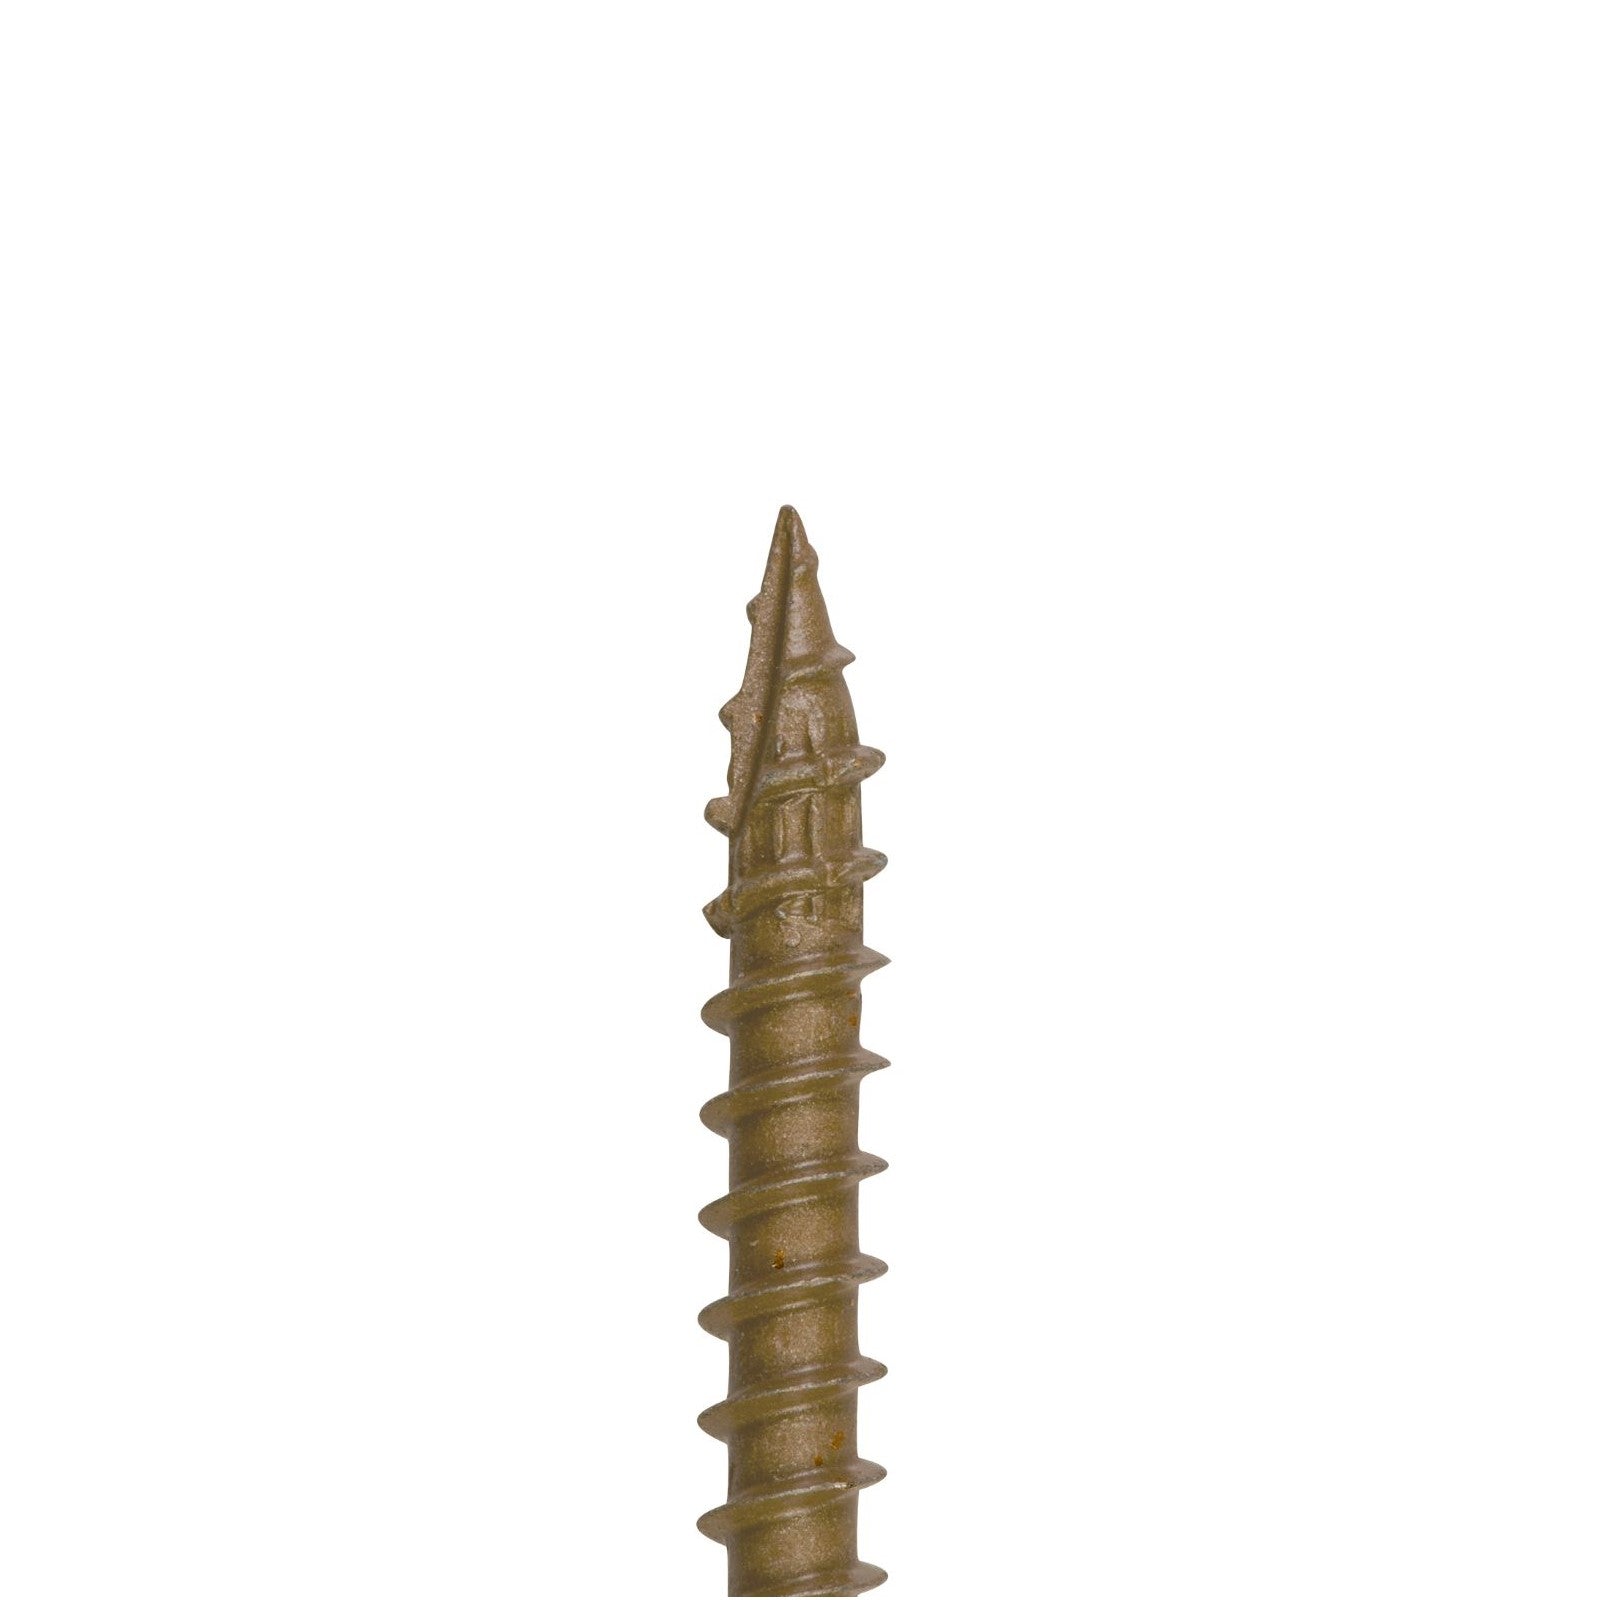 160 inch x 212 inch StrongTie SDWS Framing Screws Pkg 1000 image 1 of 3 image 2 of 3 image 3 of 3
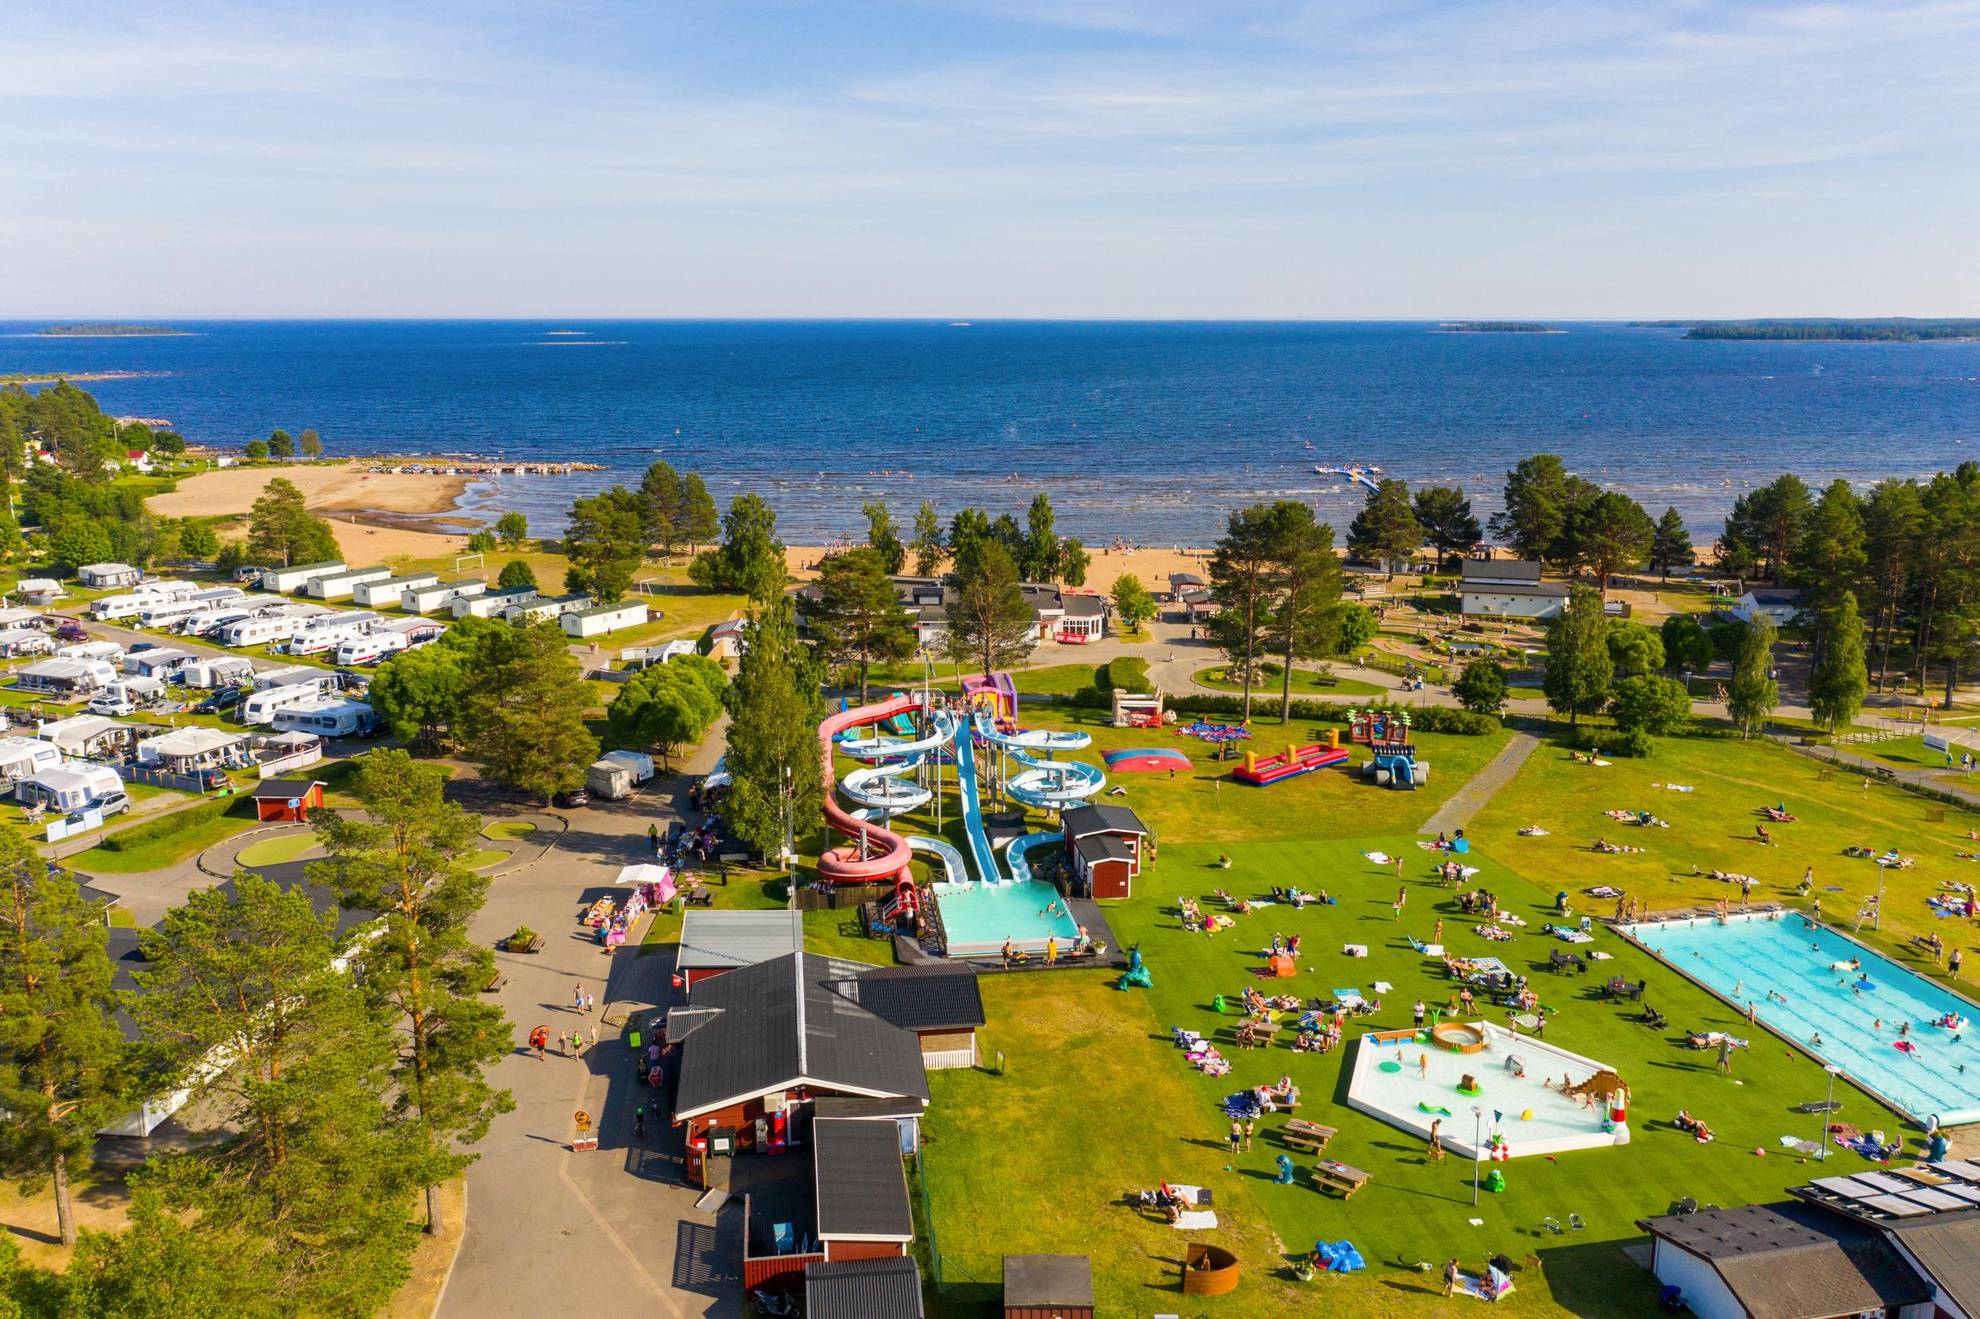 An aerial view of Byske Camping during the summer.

________

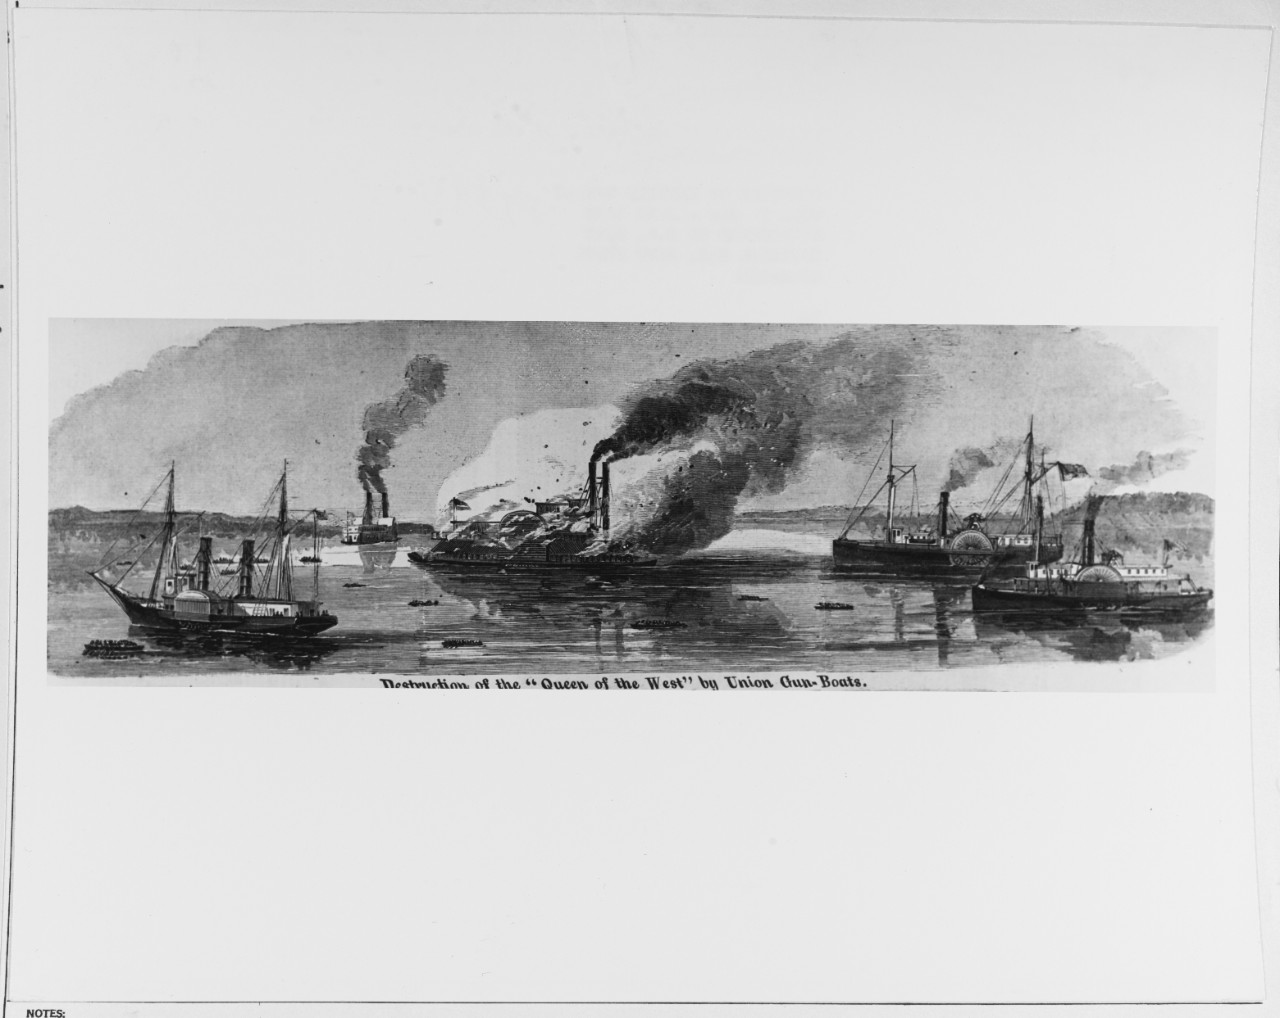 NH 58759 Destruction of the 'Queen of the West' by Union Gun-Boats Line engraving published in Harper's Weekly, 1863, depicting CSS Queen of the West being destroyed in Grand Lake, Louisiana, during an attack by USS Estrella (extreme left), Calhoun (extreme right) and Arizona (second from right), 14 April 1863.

________

To do:
Look above for the line containing "160 inch x 212", then copy exactly from it through the line containing "An aerial view", keeping both and leaving out pictures. Add nothing else.

Answer section:
 160 inch x 212 inch StrongTie SDWS Framing Screws Pkg 1000 image 1 of 3 image 2 of 3 image 3 of 3
 An aerial view of Byske Camping during the summer.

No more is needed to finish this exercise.